Let's say that I'm trying to draw 'ŕ' (a`). First I draw 'a', and then a '`'. With the new methods I added when I interrogate the font for the top and bottom of '`', I will get something in the vicinity of 2 for top (it doesn't start exactly at the top of the line) and something in the vicinity of 5 for bottom (these numbers are just for example). I need this info, rather then ascent/height. And it works for most fonts. But there are some fonts which will return 0 for the top and the height of the font for bottom. So instead of getting (2, 5), I will get (0, 18) and this ruins all computations and causes the diacritic to be severely misplaced. This is not the correct value for the API calls that I have made, and I think it is the fault of the font designer, who did not alter the vertical extent information of the character and just went with the default font height.
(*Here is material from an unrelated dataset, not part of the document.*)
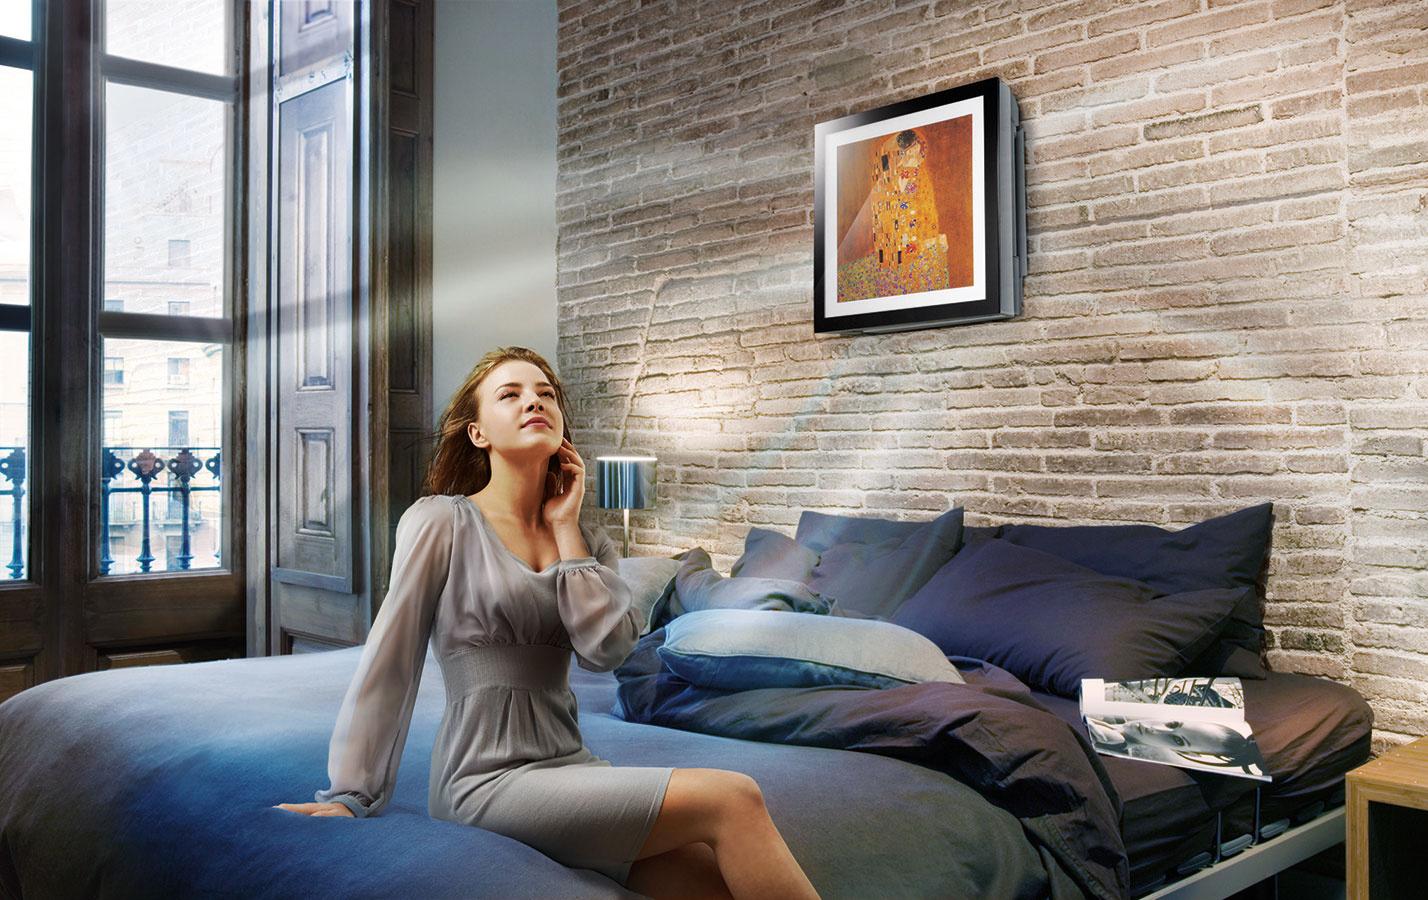 LG Artcool Gallery   Táto nástenná klimatizácia je zároveň obrazom velegantnom ráme, ktorý možno meniť. Získala niekoľko prestížnych ocenení za dizajn vrátane Red Dot Design Award aiF Product Design Award.

I hope I was successful in explaining this issue.
I don't know how I could fix this, safe for rendering the character in a white bitmap buffer, and shrinking the bitmap line by line until I have reached the minimal height and caching the result. I'm afraid such a method will be slow, and anyway I would rather not take such extreme measures.
There is one other solution: define one global font for diacritics and draw all diacritics with that font. This will cause repeated renderings of 'ŕ' (a`) with different fonts to have a visually different base, but the diacritic is going to look constant. I think this is a reasonable compromise.
What do you think?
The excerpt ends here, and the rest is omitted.